[Items listed in a dataset]
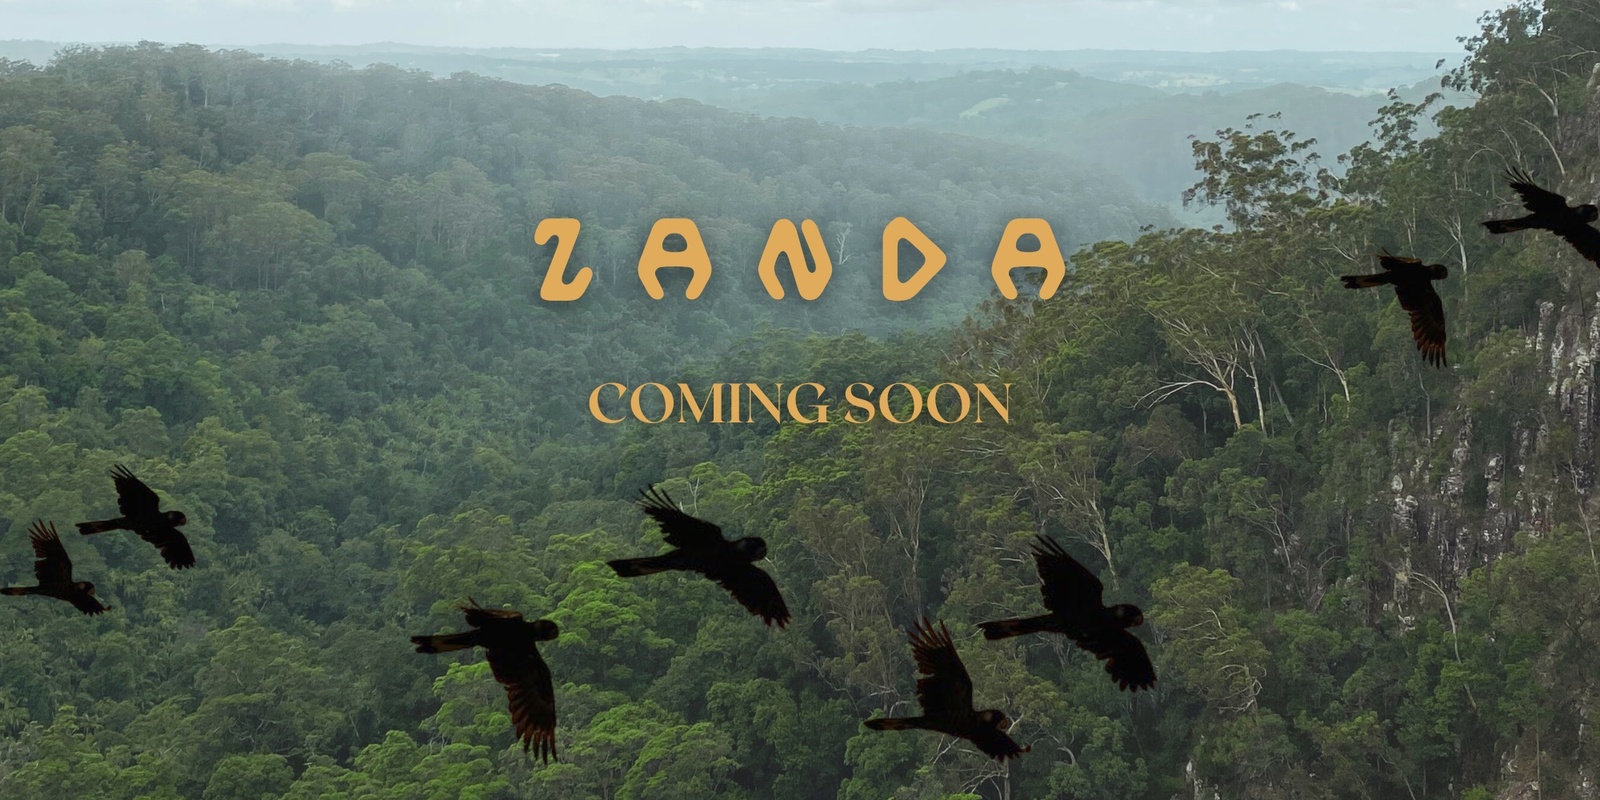 Zanda's banner
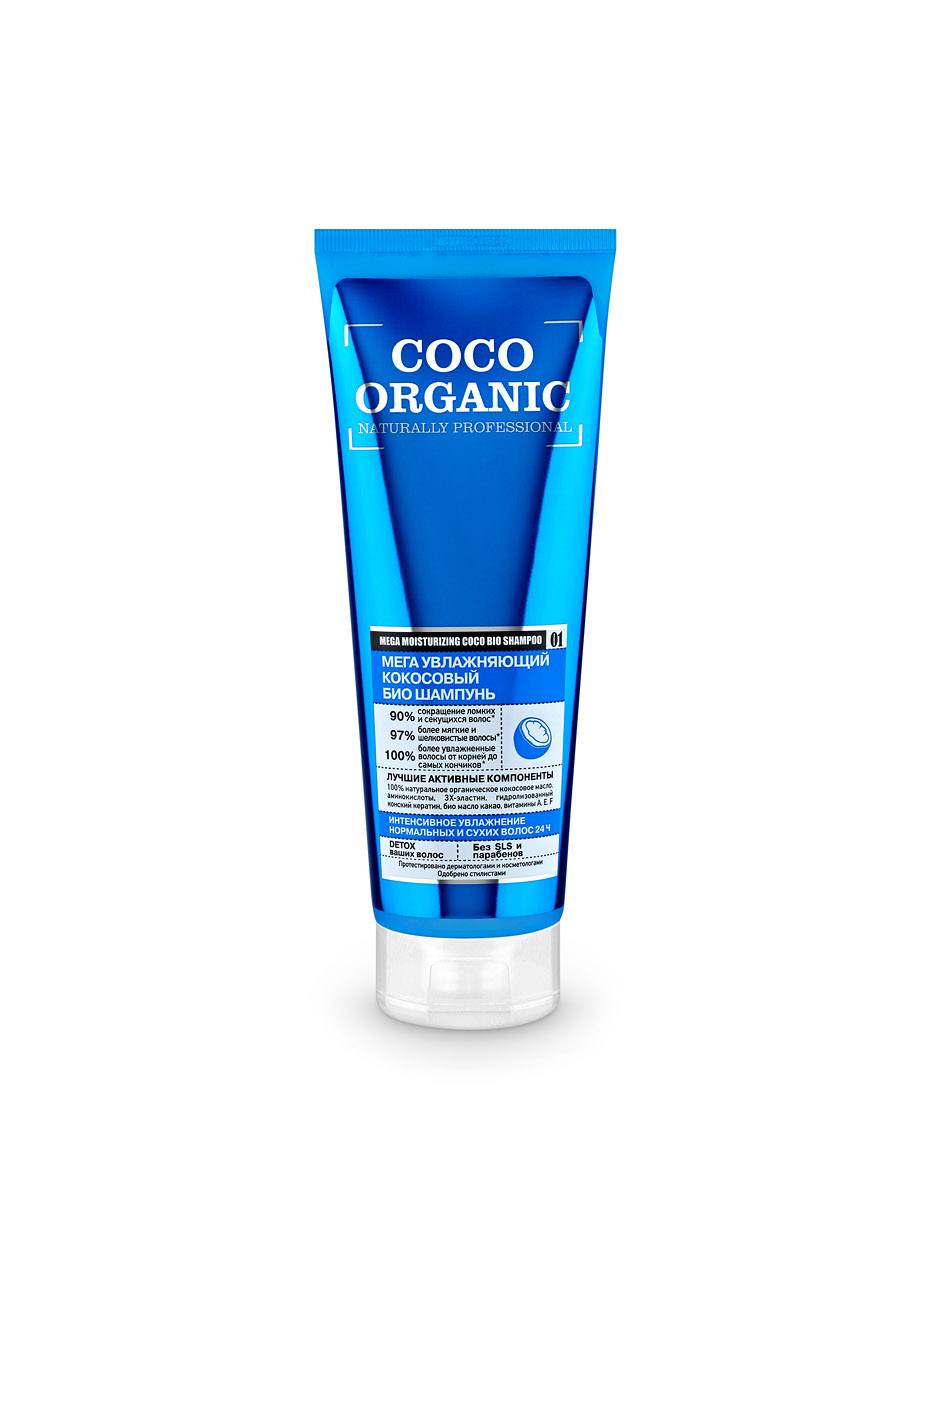 Organic naturally professional Шампунь для волос Мега увлажняющий кокосовый, 250 мл
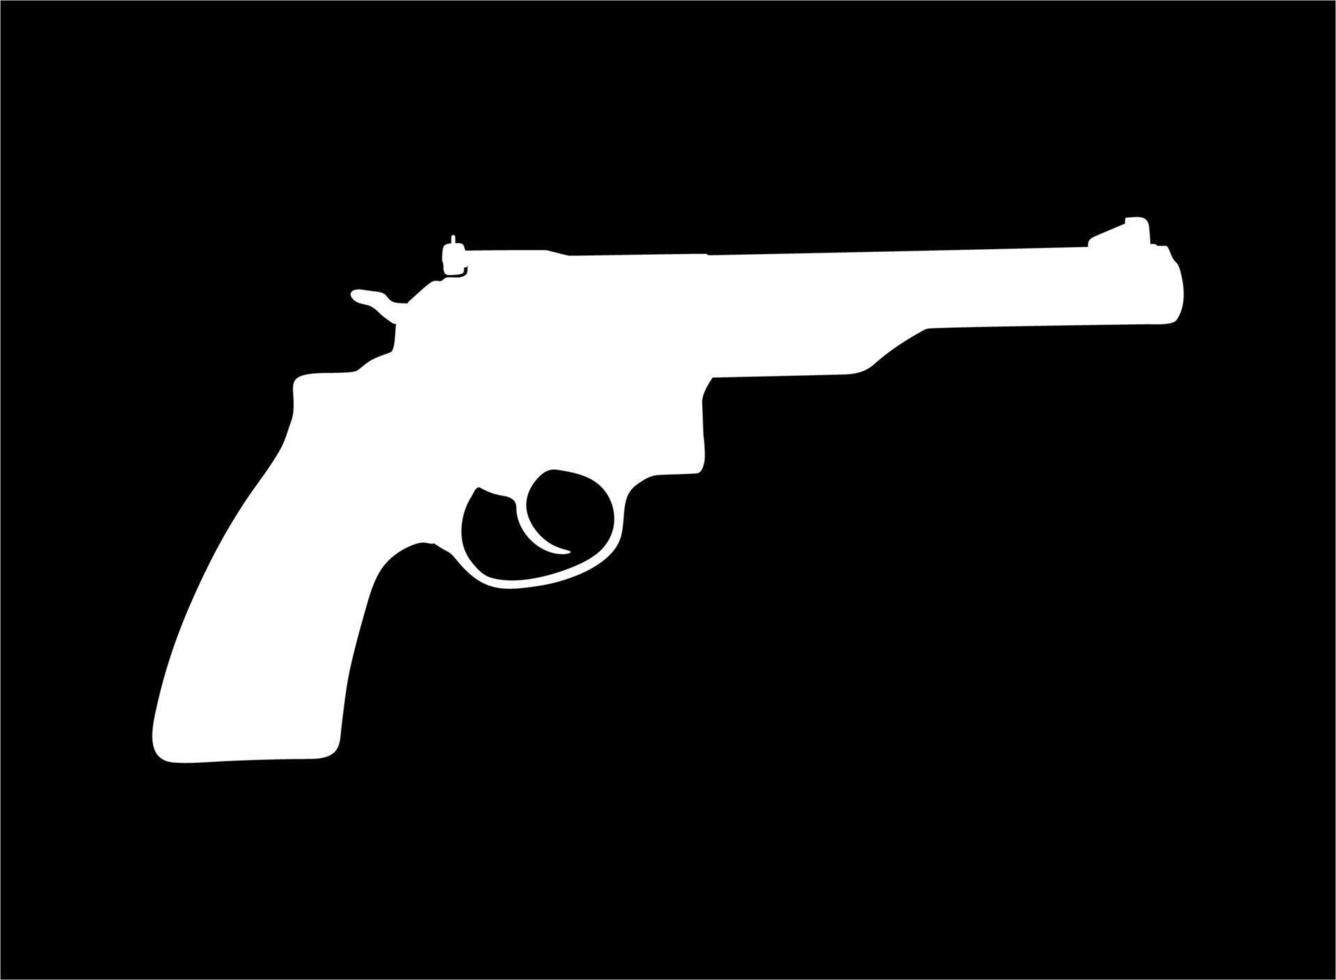 silhueta de arma, pistola em vackground preto para logotipo, pictograma, site ou elemento de design gráfico. ilustração vetorial vetor
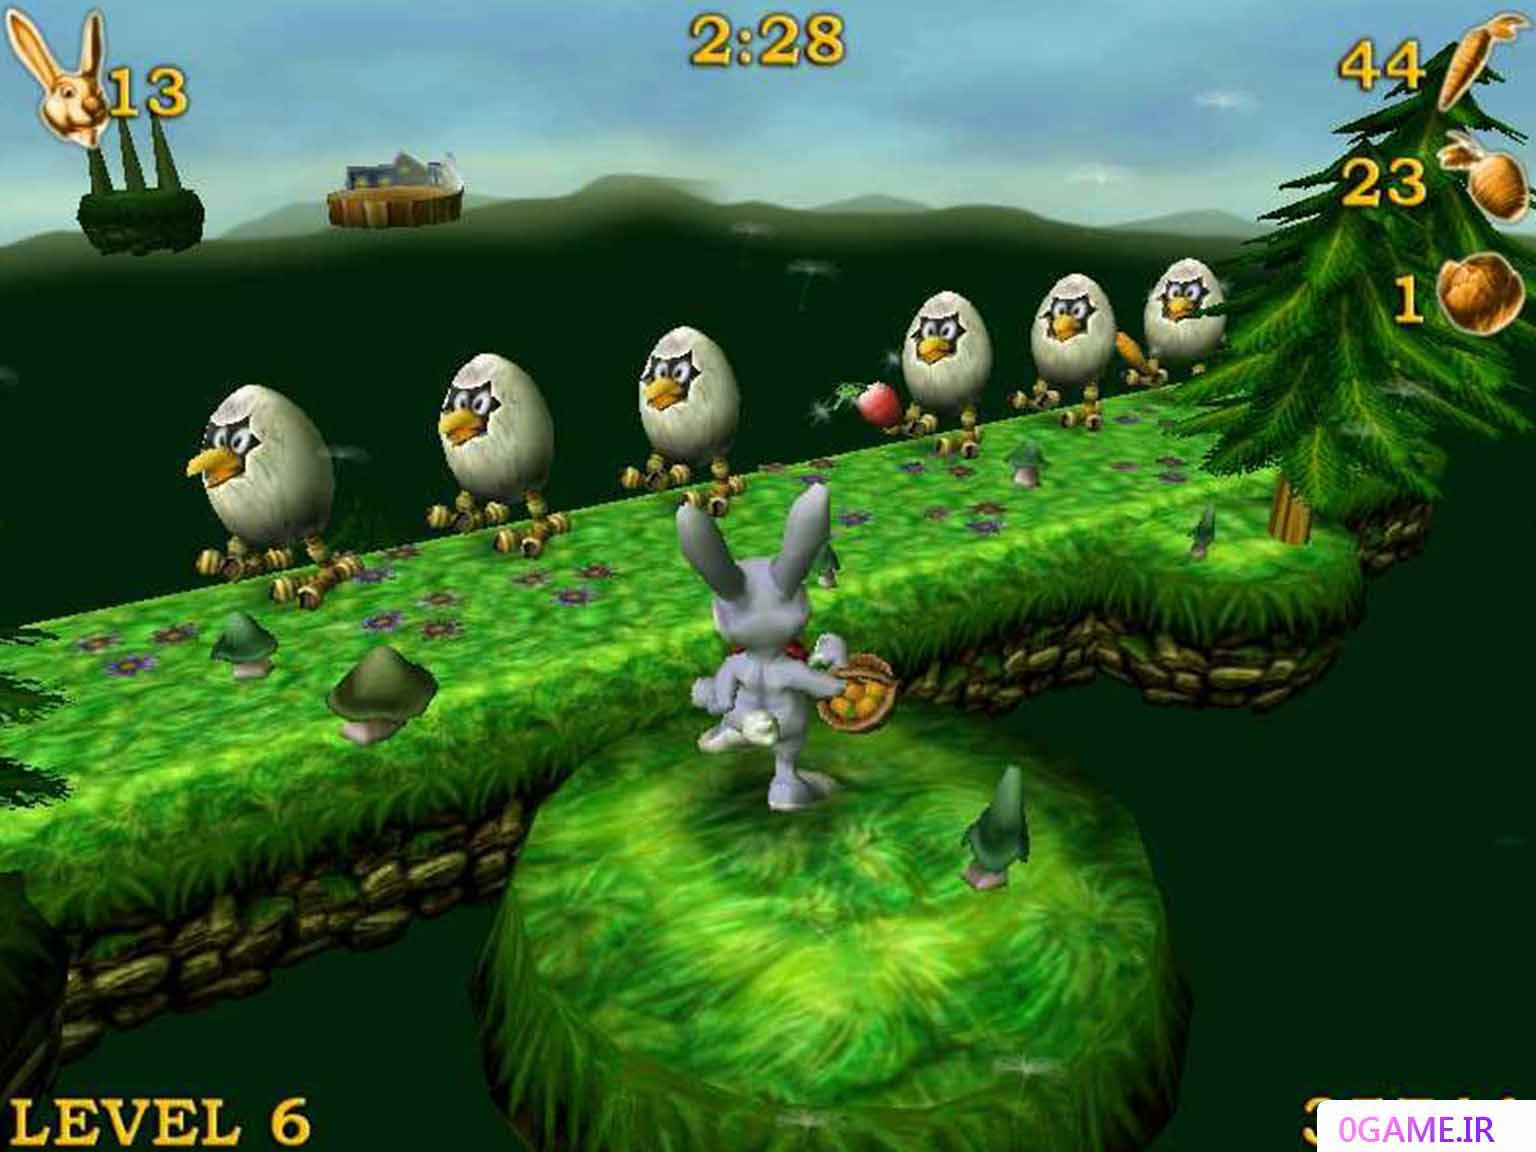 دانلود بازی دردسرهای خرگوش روسو (Rosso Rabbit in Trouble) نسخه کامل برای کامپیوتر
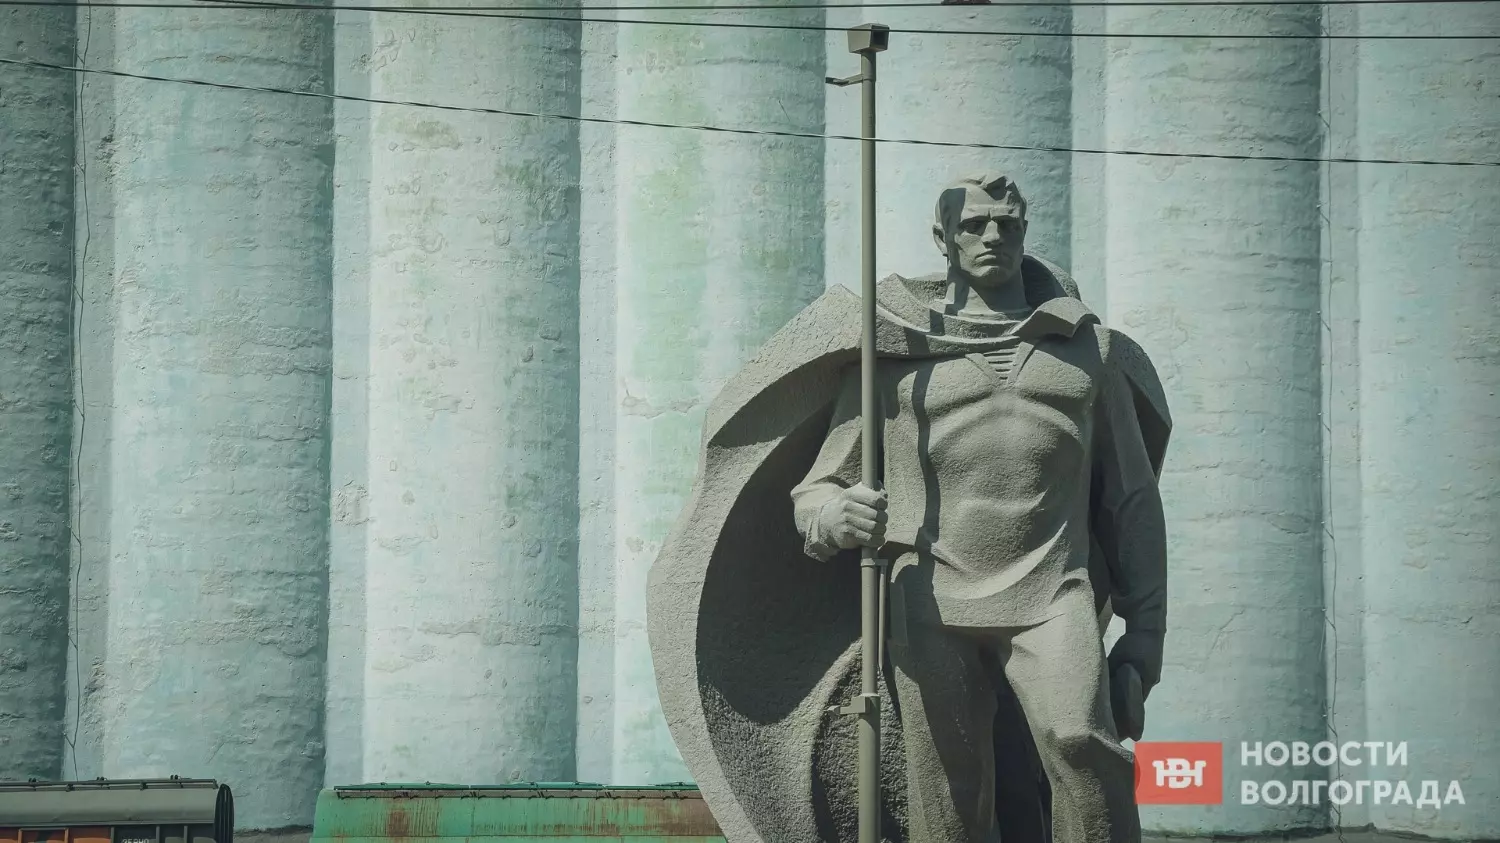 Волгоградский элеватор -  важный символ героического прошлого города
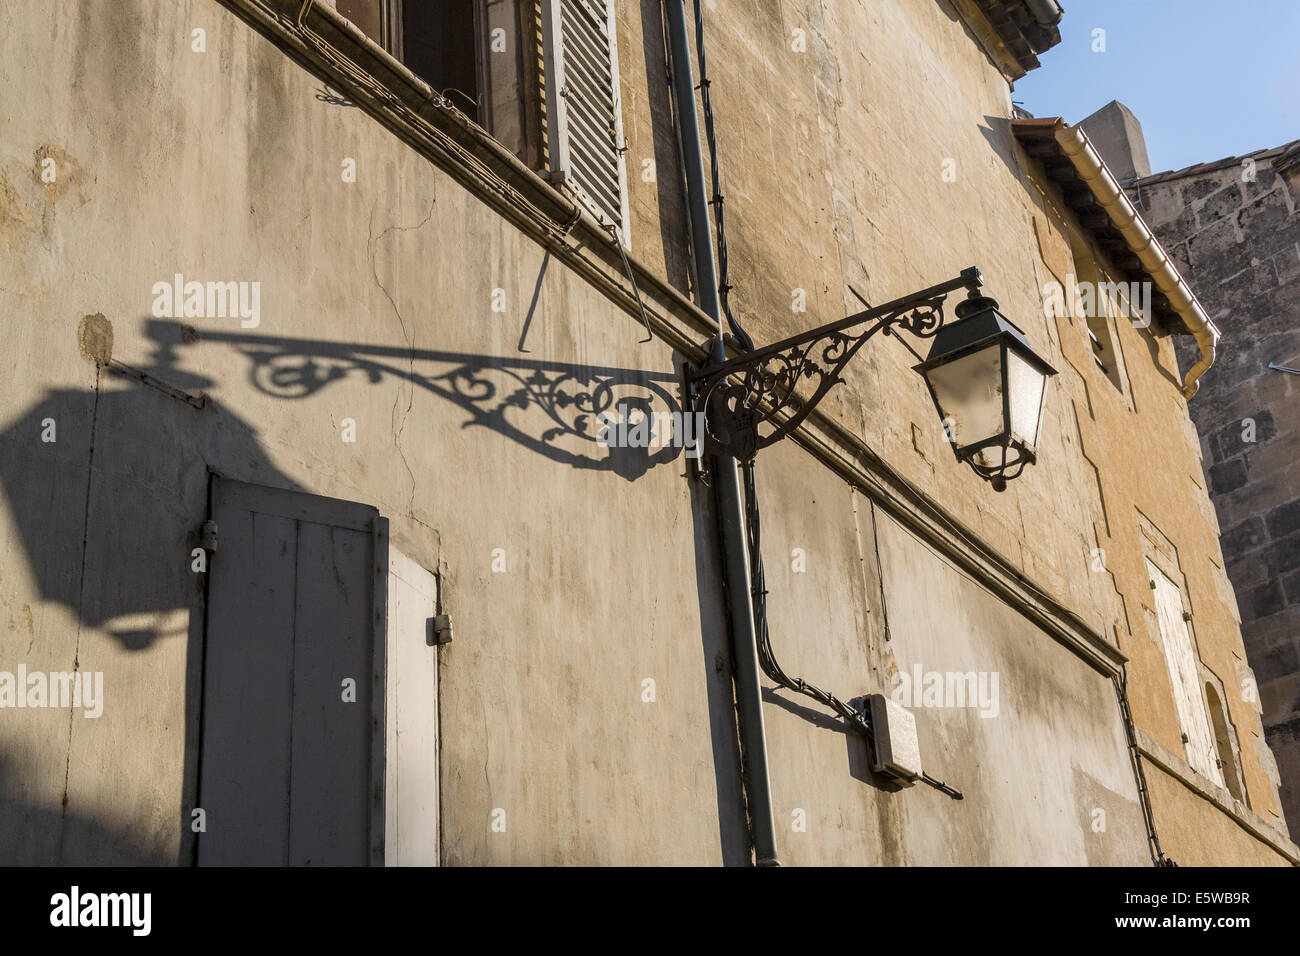 Lampe en fer forgé et son ombre sur un mur à la place de la République, Arles, France. JMH6264 Banque D'Images

#### [WORK TASK]
Omit the pictures, and please restate word for word the lines running from the line with "героического прошлого города" to the end of the entries.

#### [EXERCISE ANSWER]
 Волгоградский элеватор -  важный символ героического прошлого города
 Lampe en fer forgé et son ombre sur un mur à la place de la République, Arles, France. JMH6264 Banque D'Images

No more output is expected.